EAST GETS MORE INTERESTING
Butler, the 29-year-old four-time all-star went to Philadelphia in a deal centred around young forward Dario Saric, veteran swingman Robert Covington and a future second-round pick. The trade gives the Sixers an intriguing big three of Butler, Joel Embiid and Ben Simmons.
Nurse said he wasn’t surprised to see the reeling Wolves finally find a new home for Butler.
“It certainly brings a really good player into our gym a few more times, so we look forward to that,” Nurse said, tongue in cheek. Two of Butler’s five highest-scoring career games came against the Raptors and he has long been a thorn in their sides at both ends.
All of a sudden the Eastern Conference has some solid squads.
“I think the East is a lot better than maybe people give it credit for,” Nurse said.
The take here is that if the Sixers can get three big personalities to co-exist well and share the spotlight and the ball the team will be in the mix to make the Finals, though it needs to find more shooters since it got worse shooting-wise in the deal. Then it will have to pay a lot of money to keep Butler around long-term and he has a ton of mileage and a long injury history on his resume. But it’s probably a risk worth taking.
For Minnesota, the team didn’t come close to recouping what it originally sent to Chicago for Butler, but at least he helped end that franchise’s long playoff drought last year and both Saric and Covington are solid players.
Lowry refused to weigh in on the deal, other than joking to Postmedia that Butler “can’t stay at my house.” Lowry, of course, hails from Philadelphia.
FIVE THINGS WE LEARNED
1. The Raptors keep reminding us that this is the deepest team in franchise history. Case in point: Seven players took as many or more field goal attempts as Kawhi Leonard or Kyle Lowry and the team still cruised. Most teams don’t have players like Jonas Valanciunas, Fred VanVleet and OG Anunoby emerging from the second unit.
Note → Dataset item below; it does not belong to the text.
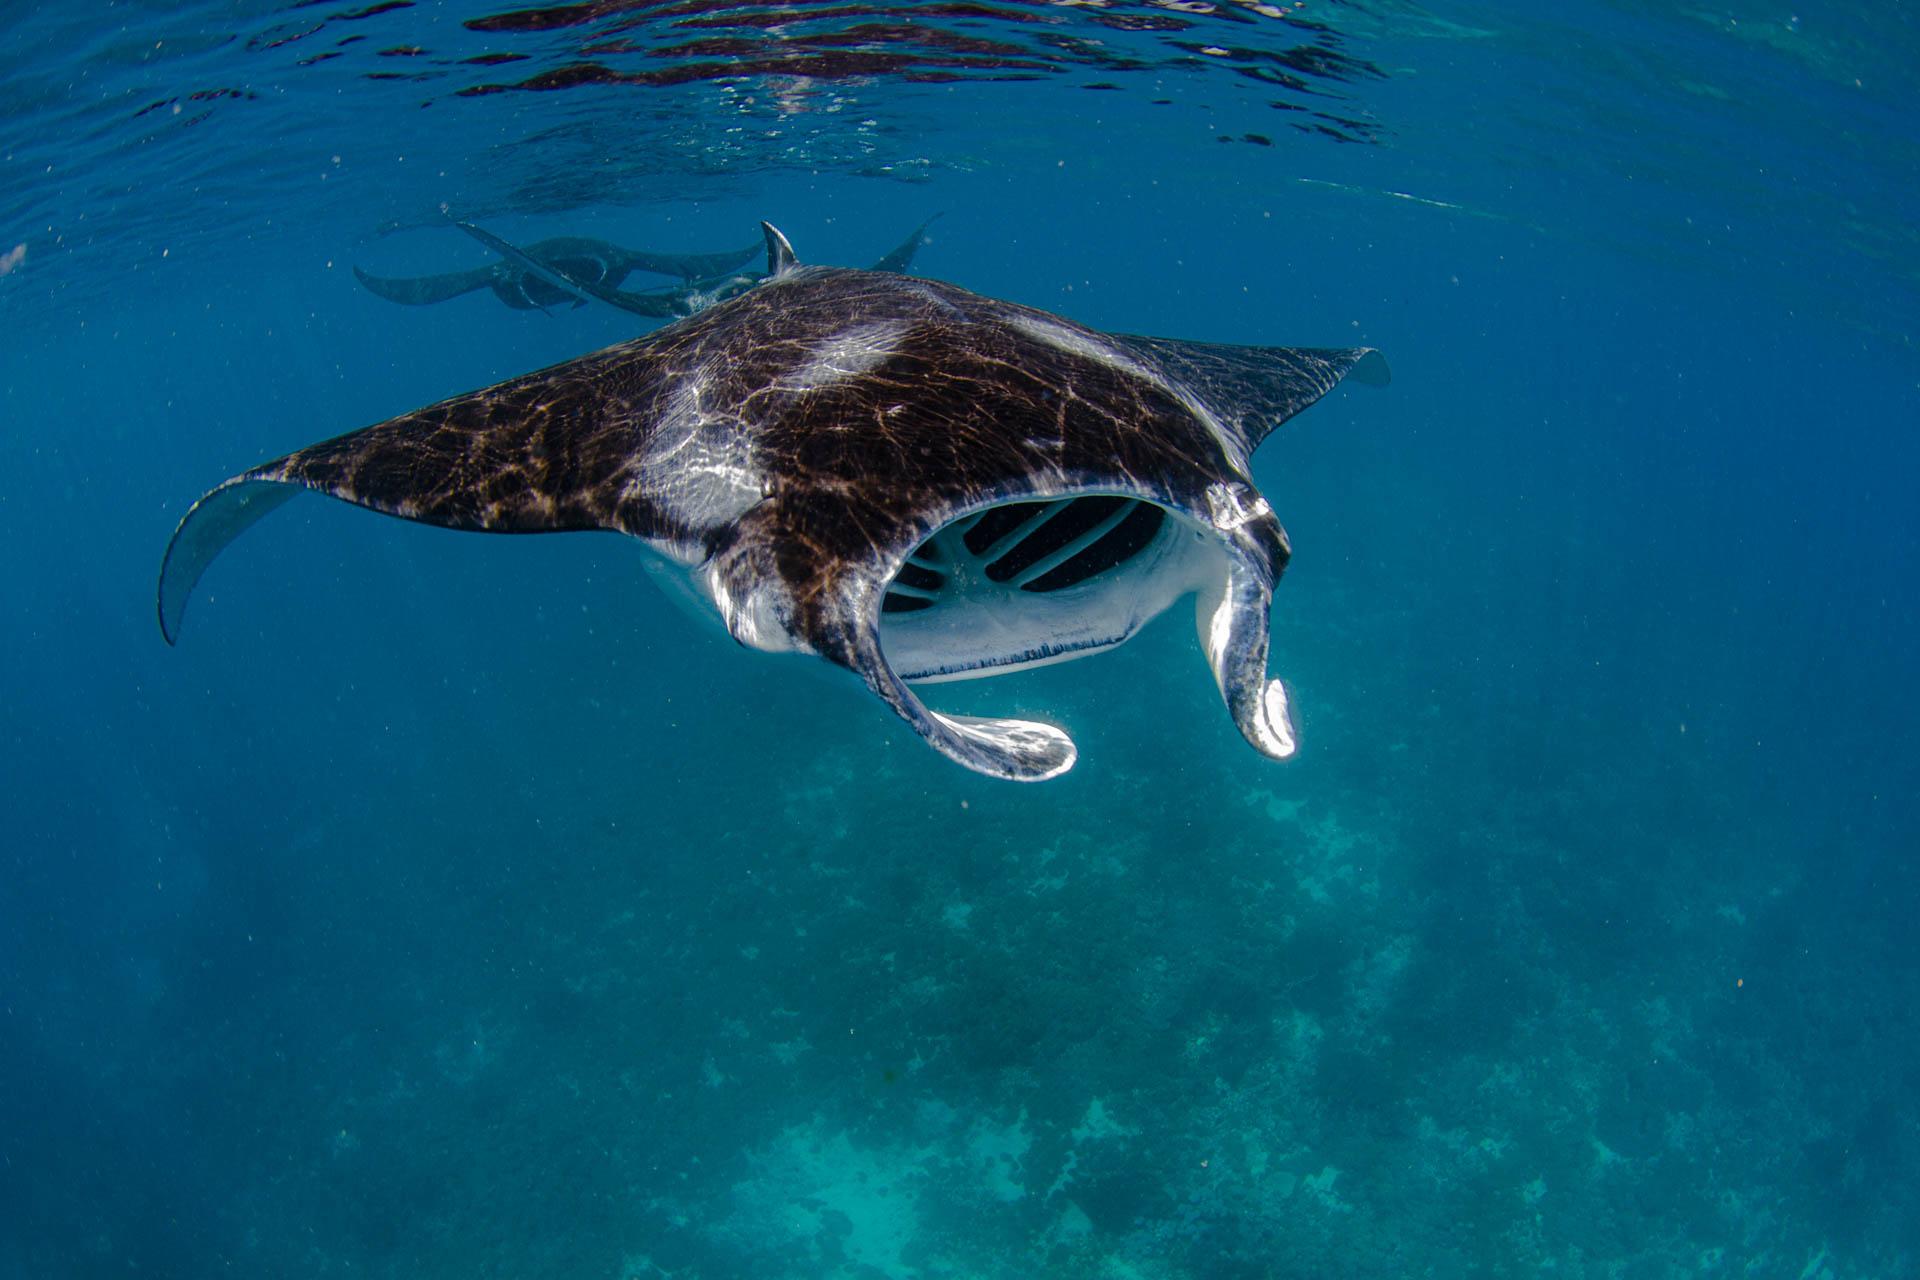 manta rays feeding on the surface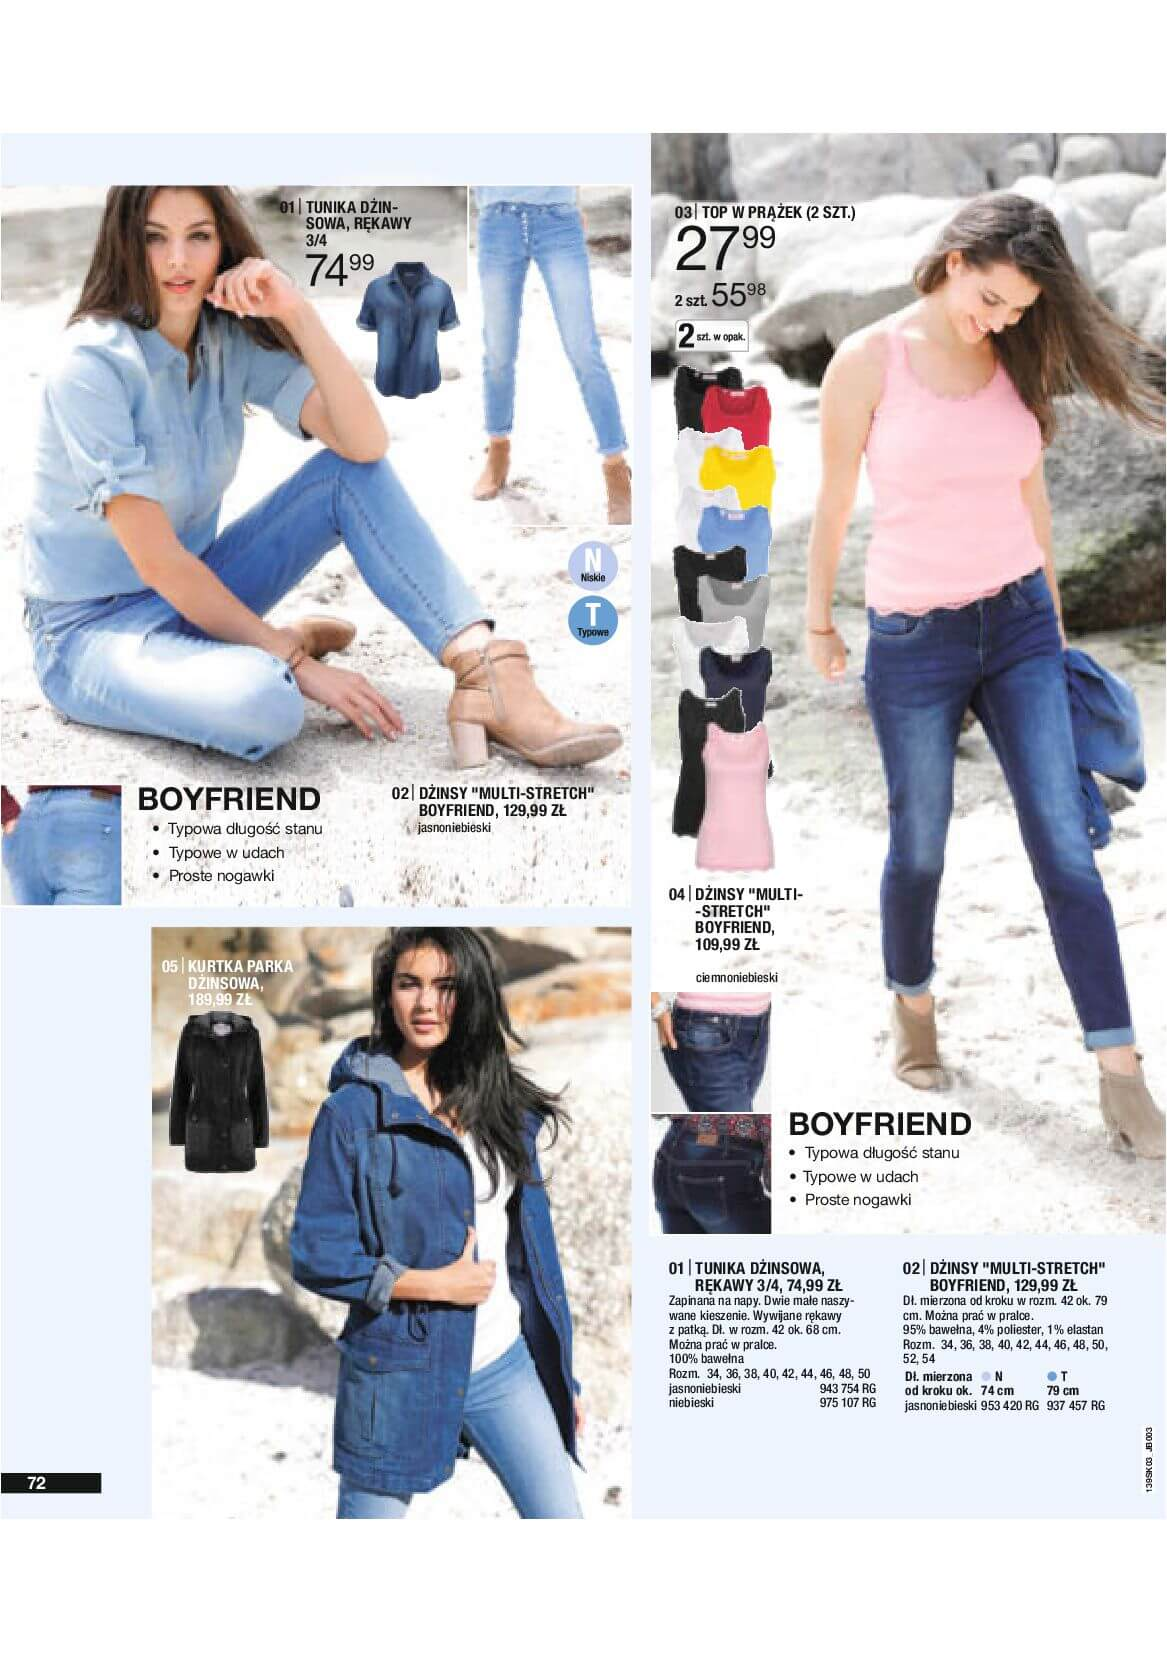 Gazetka Bonprix - Radosna moda-10.03.2019-25.06.2019-page-74

2. Pascal Siakam hit three three-pointers for the first time after going five games in a row without making a single shot from beyond the arc. He said afterward he’s just working on confidence, slowing things down, setting his feet and “letting them fly.”
3. Even when Leonard is off, he’s still hard to guard. He got to the free throw line 10 time, part of Toronto’s massive 40-22 free throw attempt edge. The Knicks simply couldn’t check the Raptors. Knicks coach David Fizdale said afterward part of that stems from referees not knowing who any of his largely young, unheralded players are. But it’s more than that. Toronto simply can draw fouls in large numbers.
4. Nick Nurse didn’t have to overextend himself for this one, but the result was the same, another win. With Toronto now 12-1 (including 7-0 at home), Nurse became the first head coach since Lawrence Frank (13-0 with New Jersey in 2004) to win at least 12 of his first 13 NBA games.
5. Does anyone else find it odd that Toronto has been winning 47+ games for years now and New York’s been losing 50+ annually, yet the Raptors boast a far more impressive crop of young players? Just asking.
Knicks not named Tim Hardaway Jr. shot 11-for-40 from the field in the first half.
AROUND THE RIM
Fizdale complimented Nick Nurse for getting a new group to gel so quickly, but conceded that having veterans and proven winners “helped fast-track it there.” … Green hit a bunch of three-pointers, including the 1,000th of his career. He’s the first Raptor to do that since Lowry in 2016. A proud Green joked that “it just shows I’ve been playing a long time.” Ray Allen hit a record 2,973, though Steph Curry is already nearing the 2,200 mark in less than half as many games.